[Task directions]:
Give back the exact lines of the material below from the one containing "SR酸化銀電池のサイズ比較" through the one containing "open-light-window-number-advertising-sign-537173-pxhere.com", and no pictures.

[Source information]:
§ §
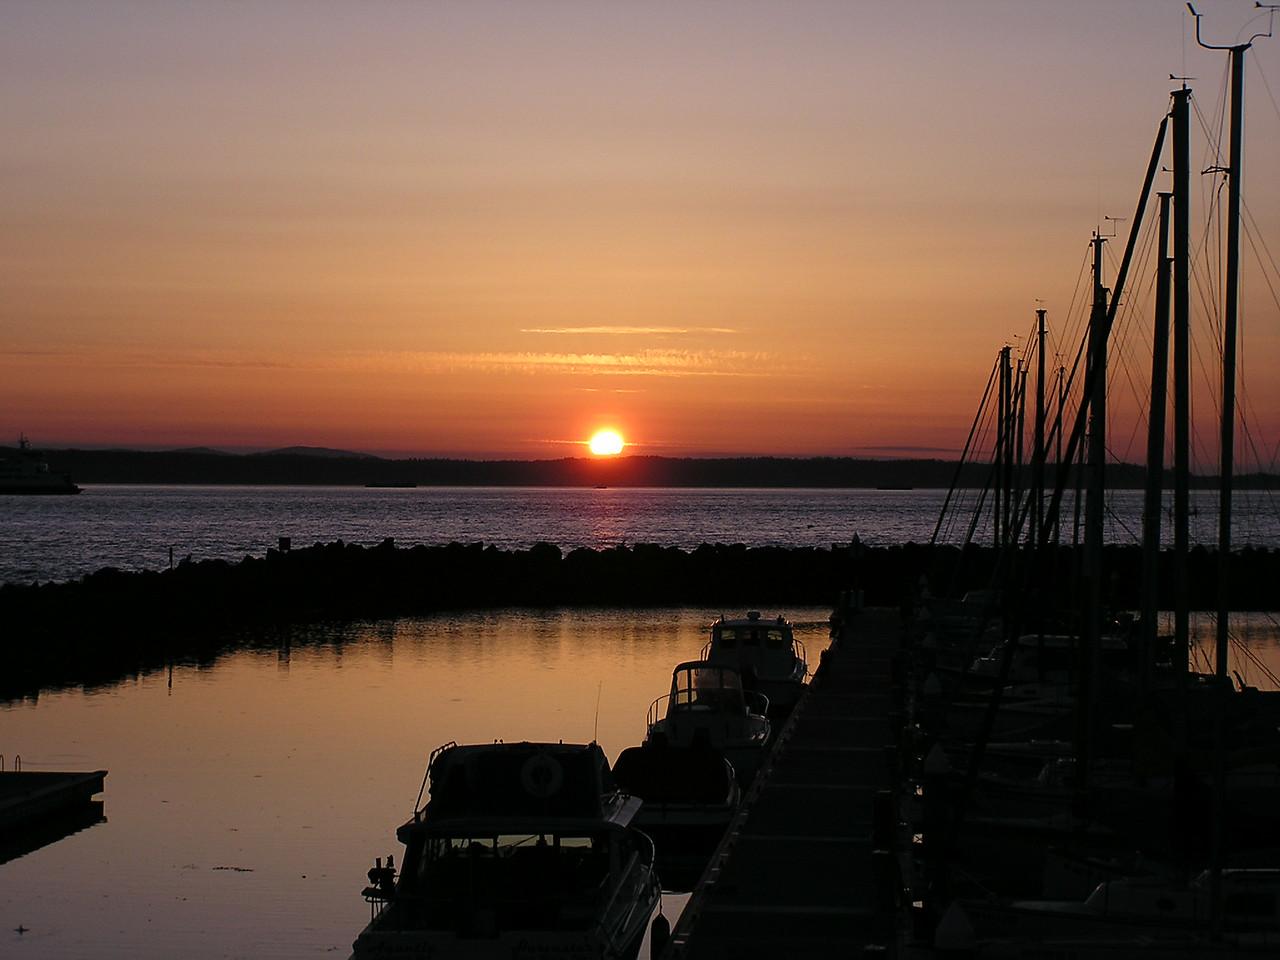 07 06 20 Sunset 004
§ §
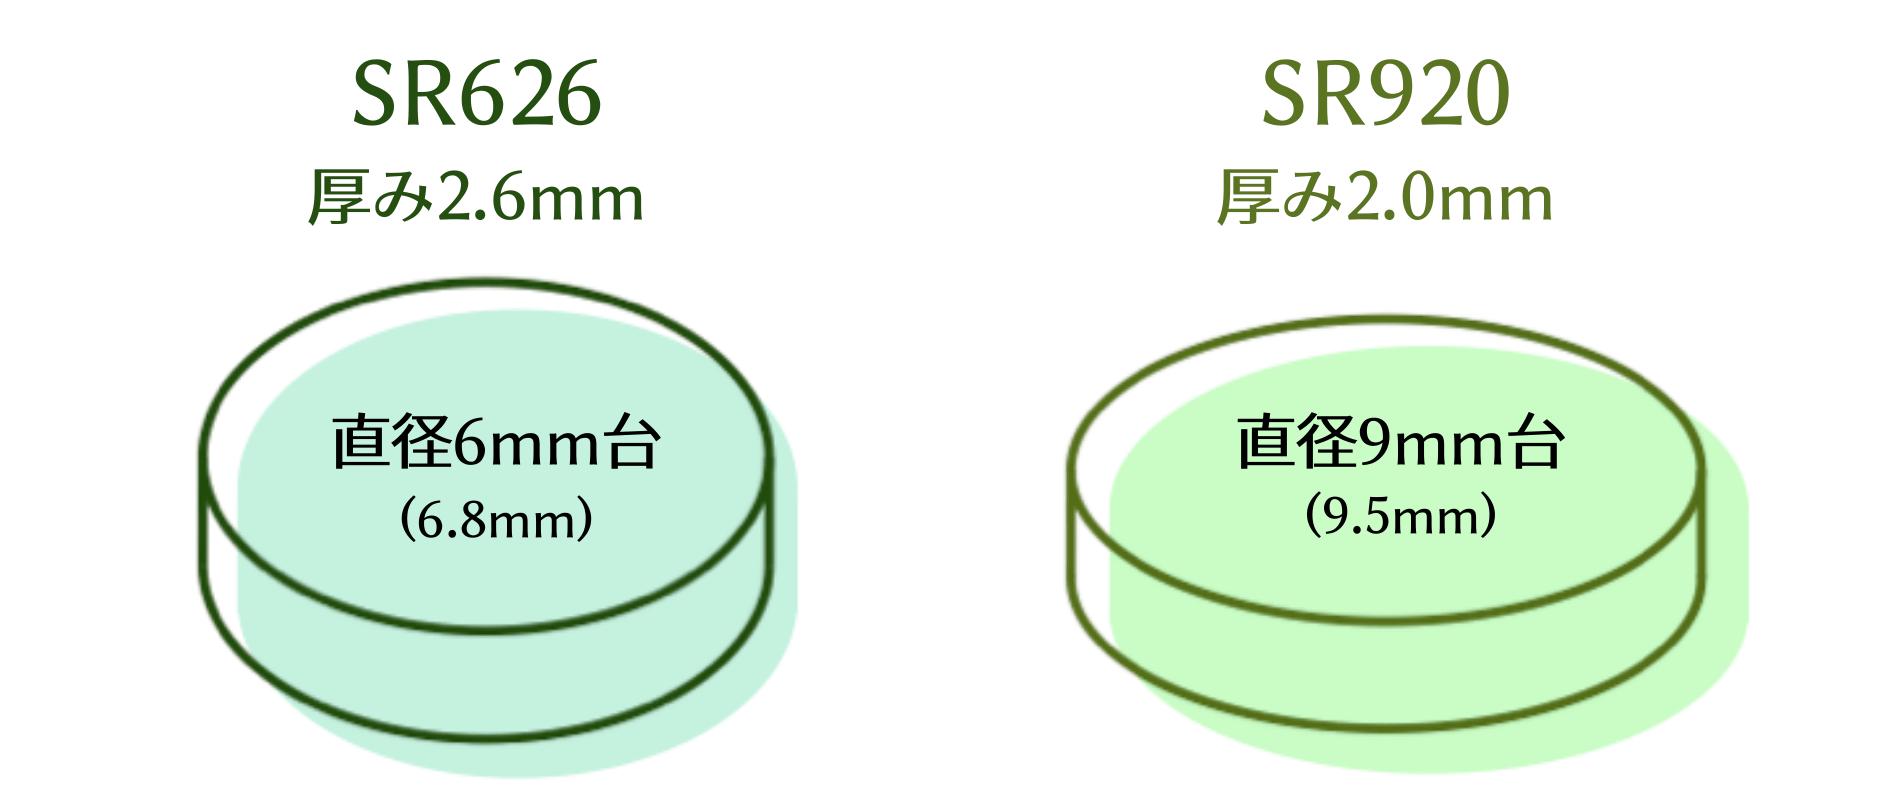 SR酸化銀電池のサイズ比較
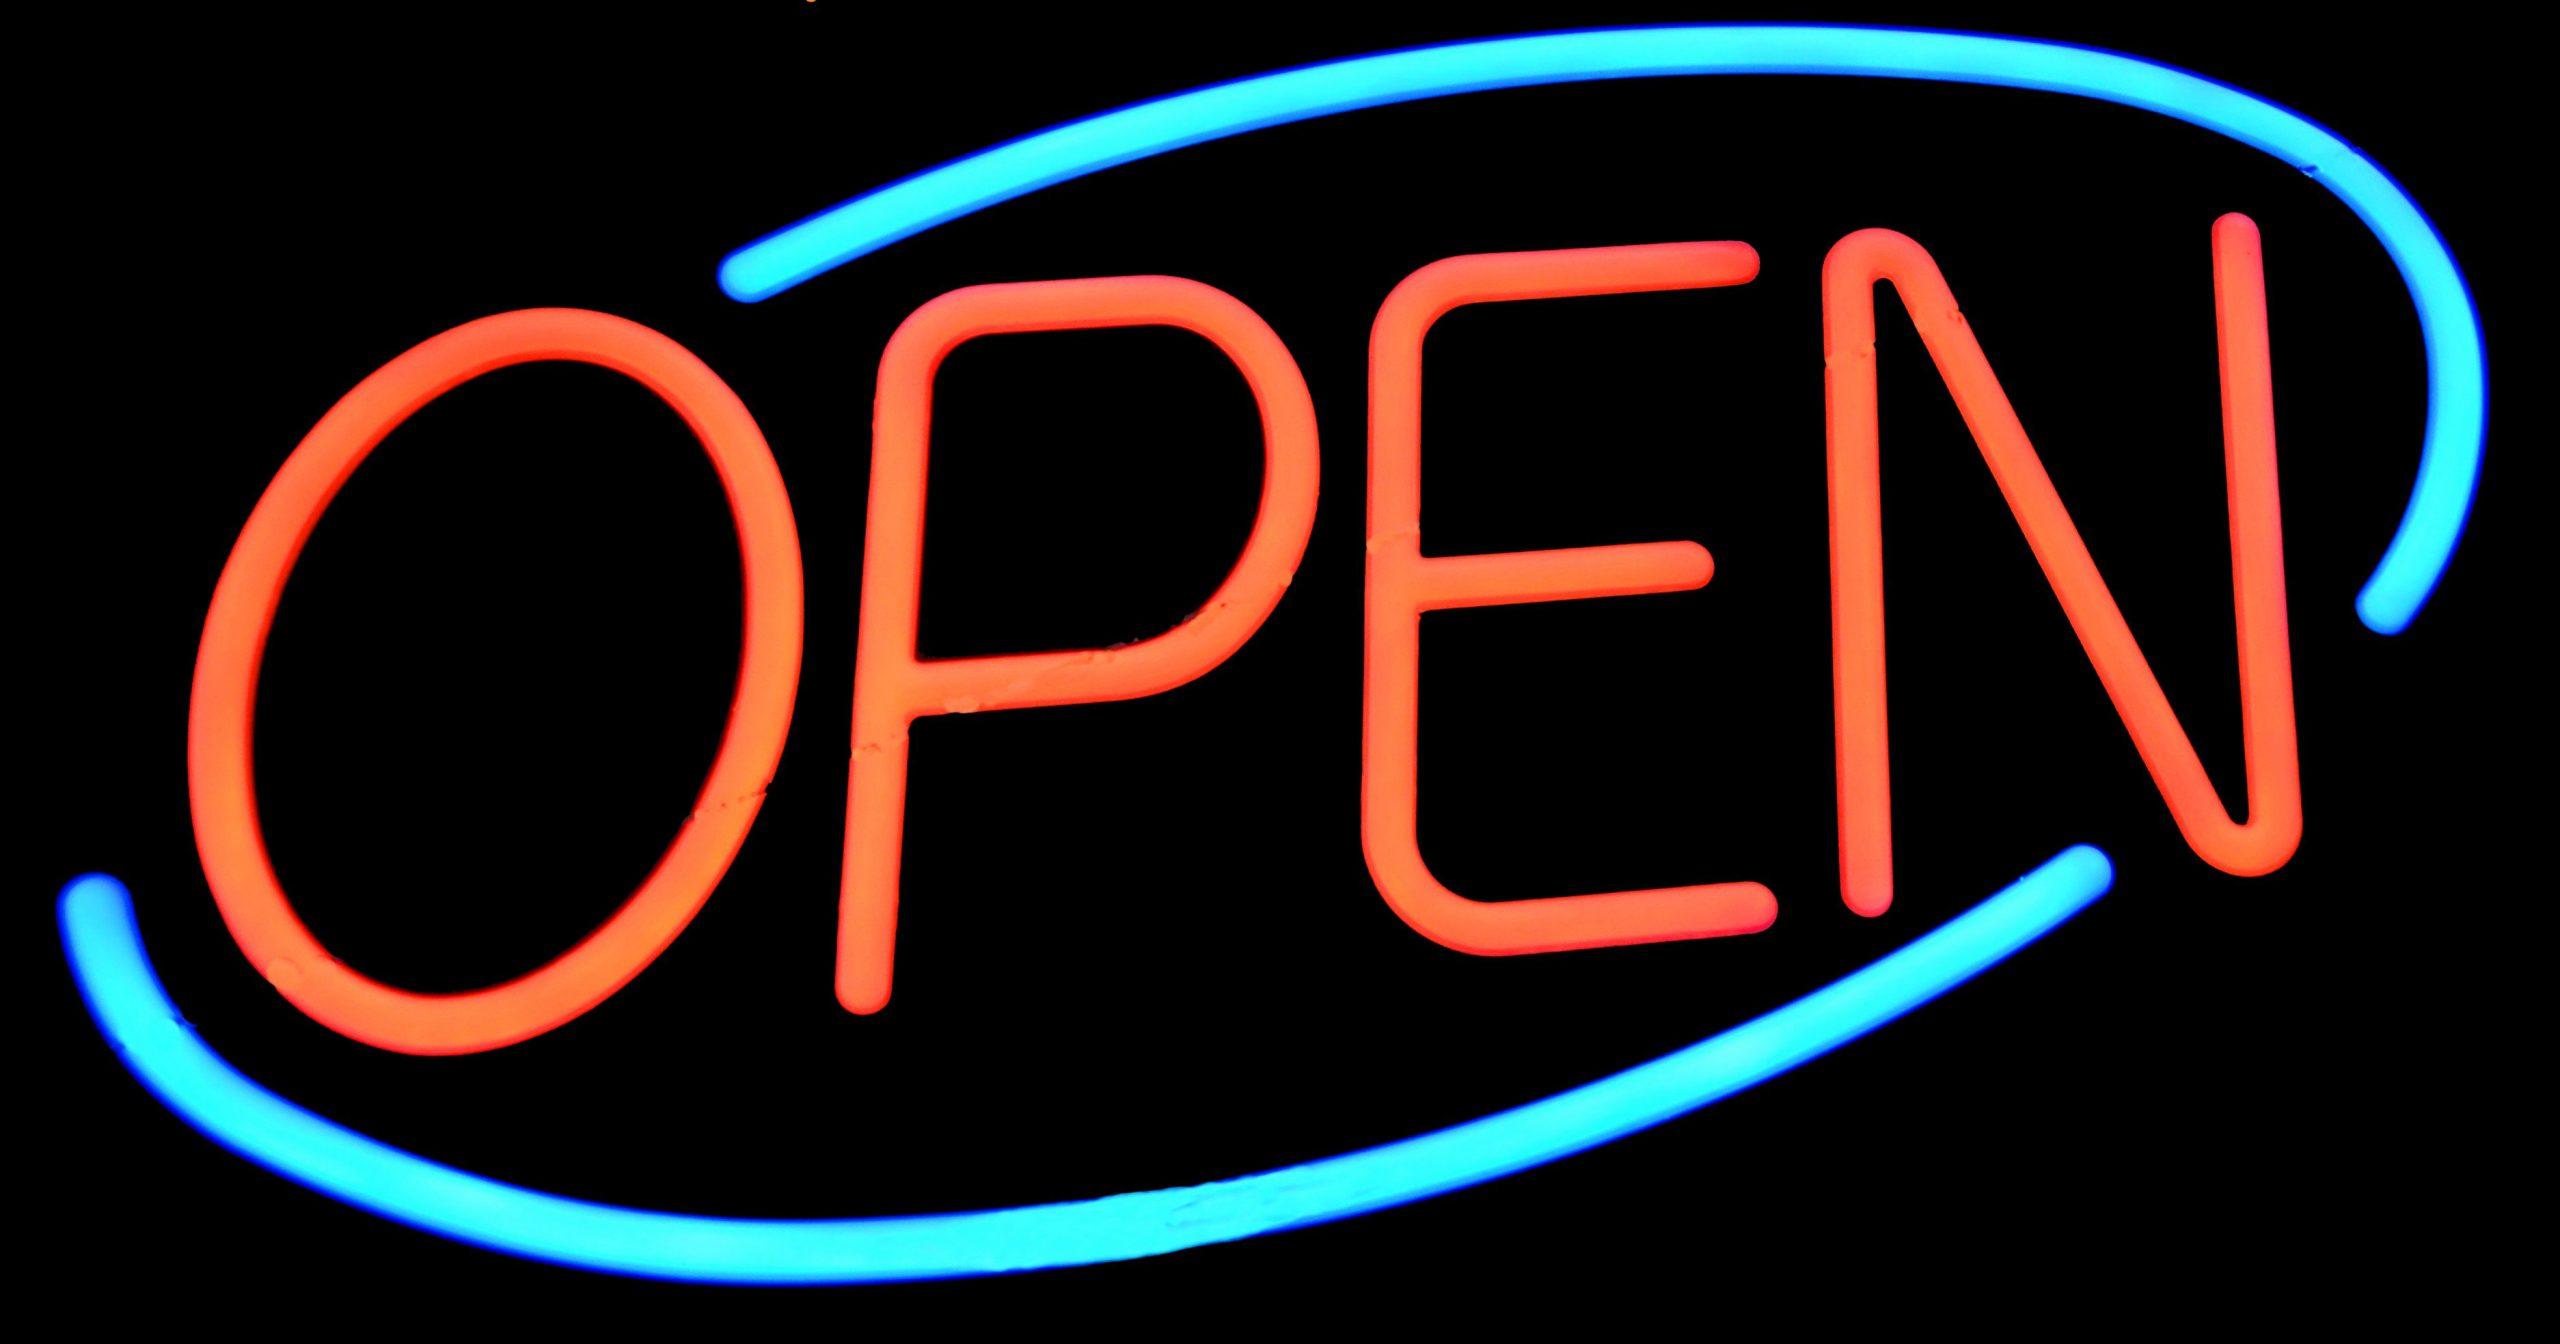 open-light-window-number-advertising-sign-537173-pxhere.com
§ §
[Exercise answer]:
 SR酸化銀電池のサイズ比較
 open-light-window-number-advertising-sign-537173-pxhere.com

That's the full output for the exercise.